The 10-part drama on basic-cable channel FX chronicling the sensational, polarizing murder trial of O.J. Simpson in 1995 earned 22 nominations in all, including a bid for best limited series and best actor for Cuba Gooding Jr., for his title role as the disgraced former football star.
Sarah Paulson was nominated as best actress in a limited series for playing the lead prosecutor, Marcia Clark, and Courtney B. Vance was nominated for his performance as defense attorney Johnnie Cochran, who led Simpson's "Dream Team" of lawyers in winning his acquittal.
The FX crime drama "Fargo," loosely based on Joel and Ethan Coen's motion picture of the same name, was the third-most nominated production, with 18 nominations, including a bid for best limited series and a nod for Kirsten Dunst as best actress in that category.
Premium cable outlet HBO, a perennial powerhouse of Emmy-lauded programming, led all networks in nominations with 94 mentions in total.
"Game of Thrones" will compete in a seven-way race for best drama with Showtime's CIA thriller "Homeland," FX's Cold War espionage saga "The Americans," AMC's quirky legal story "Better Call Saul," the final season of PBS's period melodrama "Downton Abbey," Netflix's political mystery "House of Cards," and USA Network's new computer-hacking tale "Mr.

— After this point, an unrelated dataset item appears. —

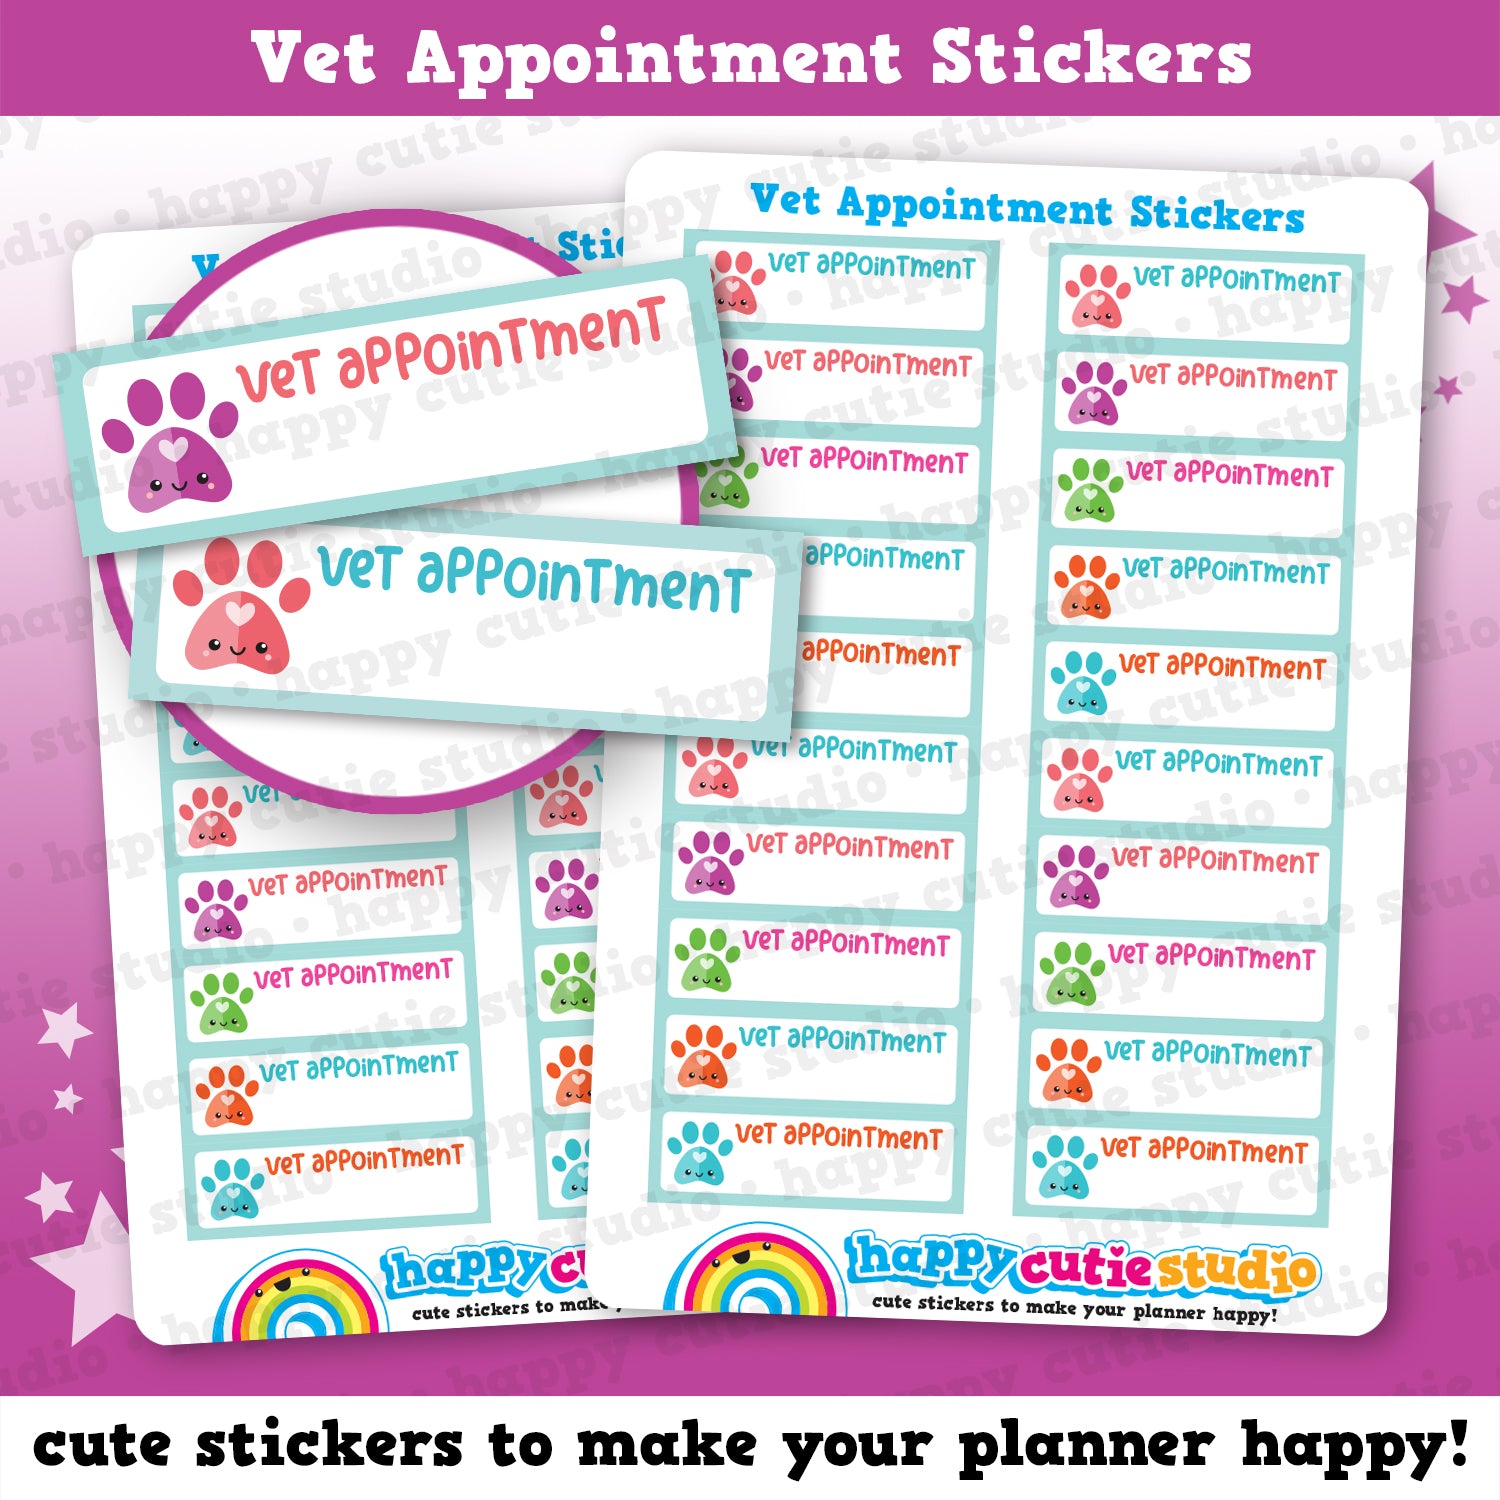 20 Cute Vet Appointment/Cat/Dog/Animal Stickers

Robot."
In the comedy series category, HBO's political satire "Veep," led with 17 nominations, including a nod for best actress for Julia Louis-Dreyfus.
"Veep" will vie in the comedy category against HBO's "Silicon Valley," ABC's "black-ish" and "Modern Family," Netflix's "Master of None" and "Unbreakable Kimmy Schmidt," and Amazon's "Transparent."

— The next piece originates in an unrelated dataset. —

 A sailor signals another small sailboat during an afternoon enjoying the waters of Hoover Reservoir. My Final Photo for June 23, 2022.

Netflix's women's prison dramedy "Orange is the New Black," a usual critical darling and previous best comedy nominee, was shut out of the major Emmy categories this year.
The Emmy Awards, voted for by the 20,000-plus members of the Academy of Television Arts & Sciences, are the top honors for U.S. prime-time television. The winners will be announced at a ceremony in Los Angeles on Sept. 18.